Did you have stemming, casefolding and accent folding all turned on for
the index building?

Regards,
Katherine

Diego Spano wrote:
> Just to add more info that can help to find the problem:
>
> In error.txt file I have the following line:
>
> "Stem index for method 7 was not built, so not doing stemming"
>
> But buildcol shows no errors:
>
> Stats (Creating index text;Numero;Resumen;)
> Total bytes in collection: 9795
> Total bytes in text;Numero;Resumen;: 9268
>
> create the weights file
> .L = 10.190984
> U = 14.823774
> B = 1.001465
> .L = 10.190984
> U = 14.823774
> B = 1.001465
>
> creating 'on-disk' stemmed dictionary
> mgpp_invf_dict.exe : Max word block size = 482
> mgpp_invf_dict.exe : Max tag block size = 0
> mgpp_invf_dict.exe : Number of word blocks written = 19
> mgpp_invf_dict.exe : Number of tag blocks written = 1
>
> creating stem indexes
> mgpp_stem_idx.exe : Num word stems = 254
> mgpp_stem_idx.exe : Max stem block size = 0
> mgpp_stem_idx.exe : Number of stem blocks written = 1
> mgpp_stem_idx.exe : Num word stems = 286
> mgpp_stem_idx.exe : Max stem block size = 0
> mgpp_stem_idx.exe : Number of stem blocks written = 1
> mgpp_stem_idx.exe : Num word stems = 243
> mgpp_stem_idx.exe : Max stem block size = 0
> mgpp_stem_idx.exe : Number of stem blocks written = 1
> deleting resol.ic
> deleting resol.ict
> deleting resol.id
> deleting resol.idh
> deleting resol.ii
> deleting resol.invf.state.2644
> BuildDir: C:/Archivos de programa/Greenstone280/collect/resol/building
>
> *** creating the info database and processing associated files
> ArcPlug: processing C:Archivos de
> programaGreenstone280collectresolarchivesarchives.inf
> ...
>
> TIA
>
> Diego Spano
>
> -----Mensaje original-----
> De: greenstone-users-bounces@list.scms.waikato.ac.nz
> [mailto:greenstone-users-bounces@list.scms.waikato.ac.nz] En nombre de Diego
> Spano
> Enviado el: Jueves, 08 de Mayo de 2008 11:12 a.m.
> Para: 'Greenstone (Users)'; 'Greenstone (Devel)'
> Asunto: [greenstone-users] "Ignore accents" - Strange behaviour
>
>
>
> Hi list, I want to explain an strange behaviour I noticed from preferences.
>
> I have a collection with an index using Subject metadata.
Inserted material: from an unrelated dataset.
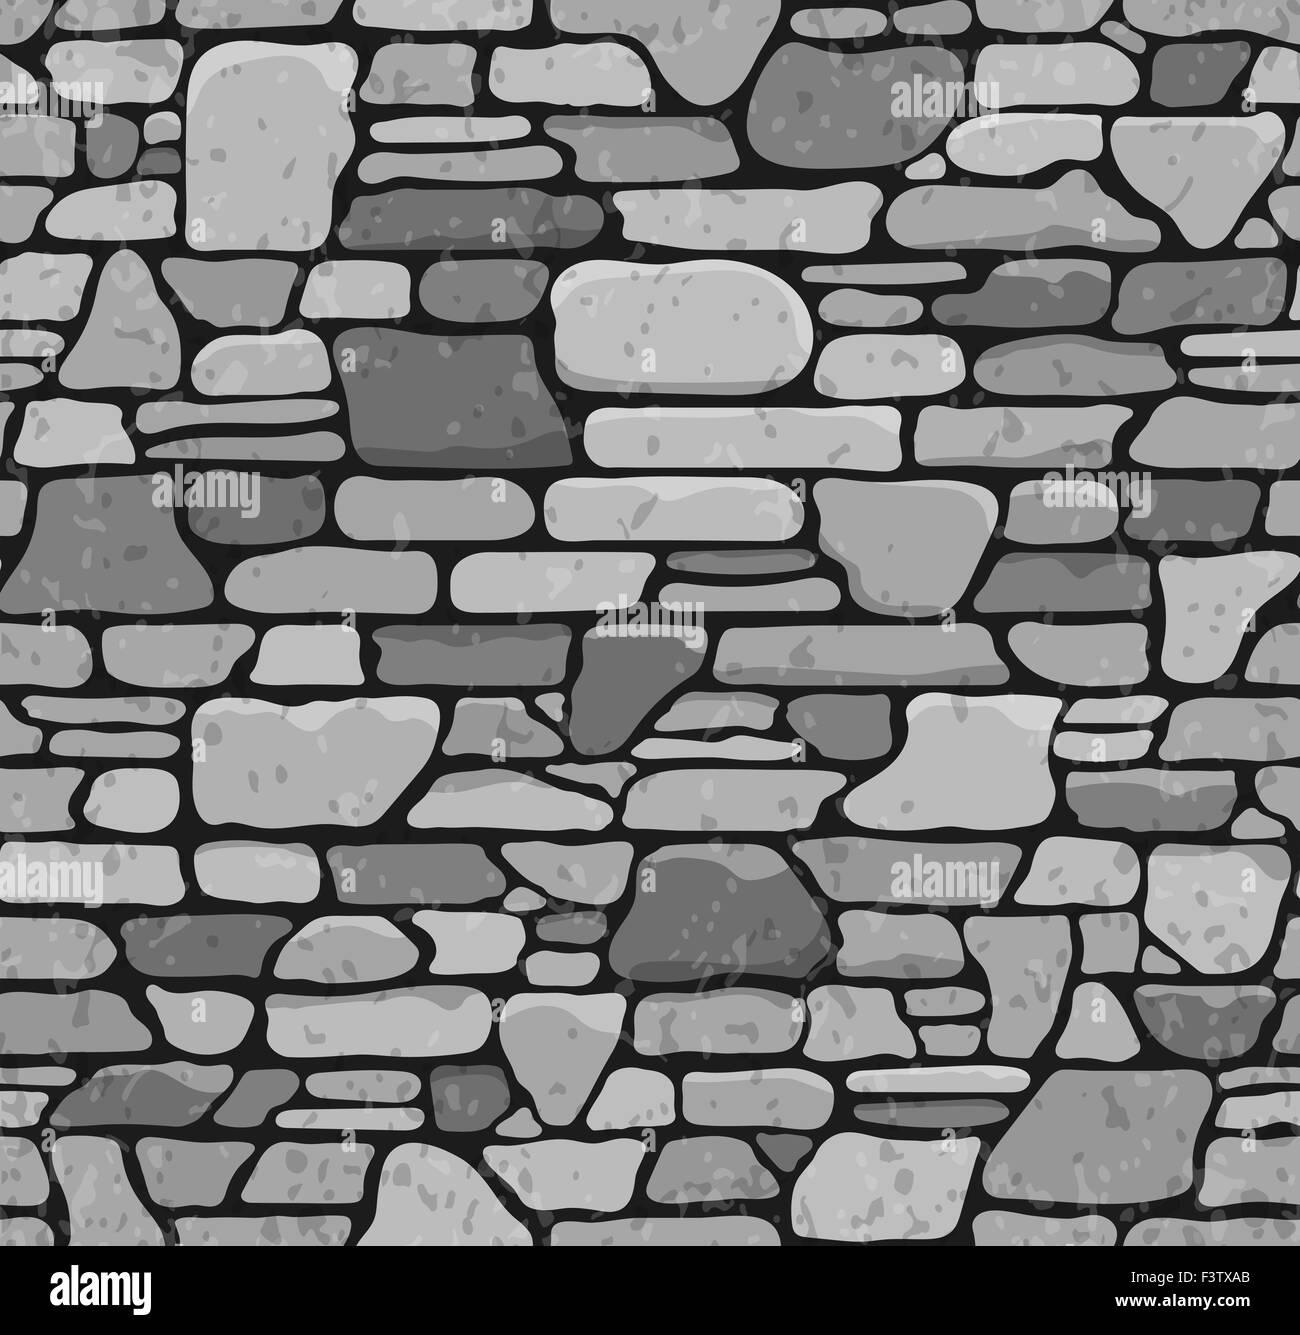 . Seamless Grunge Stone Brick Wall Texture  Illustration Stock Photo

One of the
> assigned values is "Informe", so when I run a search using Subject index I
> get the following results:
>
> If I set "ignore case differences", I can search for "informe" or "Informe"
> and I get similar results. But if I set "ignore accents" preference too,
> then I get NO results. I have to turn "accents must match" on to get the
> documents. Why? How does "ignore accents" relates with "ignore case
> differences"?.
>
> "Informe" has no accents, it should be retrieved if I set "ignore case
> differences" and "ignore accents".
>
> I□m using GS 2.80 with mgpp running on Windows XP ann IIS. I almost sure
> that this strange behaviour was nos present in 2.7x versions.
>
> TIA.
>
>
> Diego Spano
>
>
>
>